— Тетя, а как вы тут?
— Сейчас хорошо, живем лучше и не надо, — улыбнулась она сквозь слезы. — Что хаять? Но тревожно… Боюсь, как бы не снова война.
— А при немцах как жили? Мы ведь считали вас погибшей.
— Не приведи господь, милок… Всего натерпелась с детьми. А теперь… Внук в моем доме поселился, бригадирничает в колхозе. Не захотел бабку одну бросать, из армии вернулся, женился да так, видно, навсегда прирос к родной деревне. Друзья перетягивали в город — не поехал.
Мы помолчали.
— Тяжело вспоминать, но войну забыть нельзя. Я молодежи рассказываю. Даже в школу приглашали.
Она взглянула в окно.
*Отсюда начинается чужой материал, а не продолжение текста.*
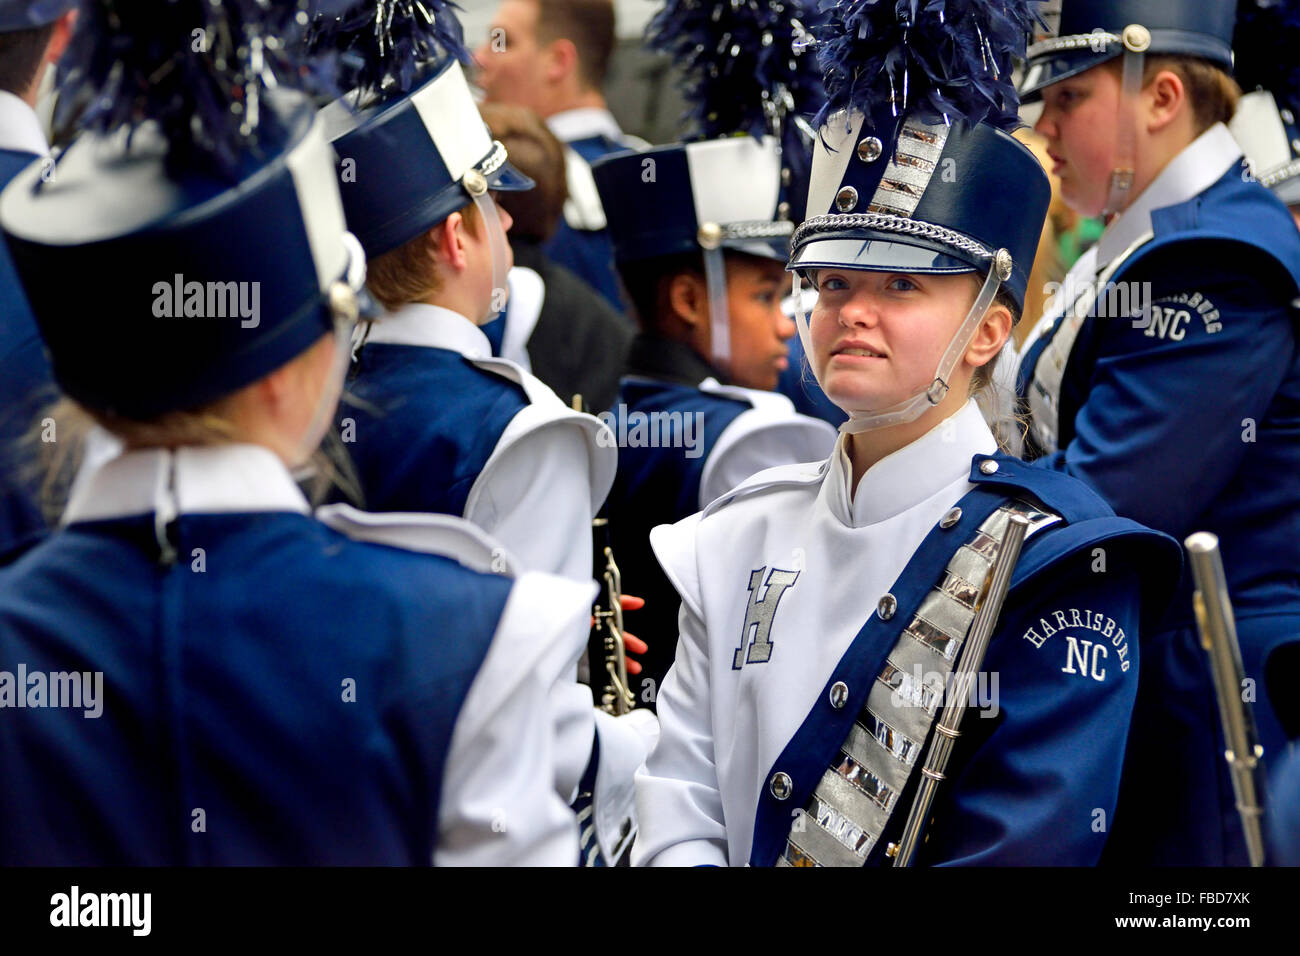 London, UK. New Year's Day Parade, Jan 1st 2016. Hickory Ridge High School Blue Regiment Marching band,  Harrisburg, N Carolina Stock Photo

Где-то там, вдали, снова моросил дождик, небо посерело, стало ниже. Арина Емельяновна повернулась к окну, нахмурилась.
— Вымокнут дети, простудятся…
Это она беспокоилась о внуке и его жене. Что-то вспомнила, глубоко вздохнула, посмотрела на меня внимательно и сказала:
— Моя жизнь сложилась трудно, но что сделаешь? Если бы знала, где упаду, то там солому постелила. Через полгода, как твои родители уехали отсюда, я вышла замуж. Муж заведовал животноводческой фермой. Из района часто ездила к нам в колхоз девушка-зоотехник. У нас ночевала. Трудно было в колхозе, вот я и упросила ее взять моего мужа зоотехником в район. Она согласилась помочь, да так круто взялась за это дело, что не только перевела моего мужа в район, но и сошлась с ним. Осталась я с двумя детьми. Председатель колхоза поставил меня заведовать продуктовым складом. Постоянно там торчать не надо было, урывала время для детей, а если уж кому что приспичит получать со склада, то прибегали за мной, я шла и выдавала продукты. Все равно трудно было, а найти няньку — невозможно. Молодые в деревне все заняты, а старушки — на вес золота, да и за ними ухаживать надо, как за детьми: такие щепетильные и нотные, что не подступись. У нас здесь была гулящая женщина Праскута. Так она бросила восьмилетнюю дочь, уехала куда-то с меньшим сыном. Как-то пришла ко мне на склад ее девочка Зоя, стала у порога, шепотом попросила кусок хлеба:
— Есть хо-чет-ца! Вот здесь сосет.
— А ты почему шепотом, милая?
— Тетя Ариша, я не могу громче, сил нет.
Я отрезала ей ломоть от колхозной булки.
— Иди к соседям, попроси молочка. Всухомятку вредно есть.
— Не пойду. Там тоже дети…
И стала она наведываться ко мне каждый день. Не прогонишь ведь.
— Знаешь, Зоя, иди ко мне жить, будешь за детьми приглядывать, а я кормить тебя, одевать, обувать стану.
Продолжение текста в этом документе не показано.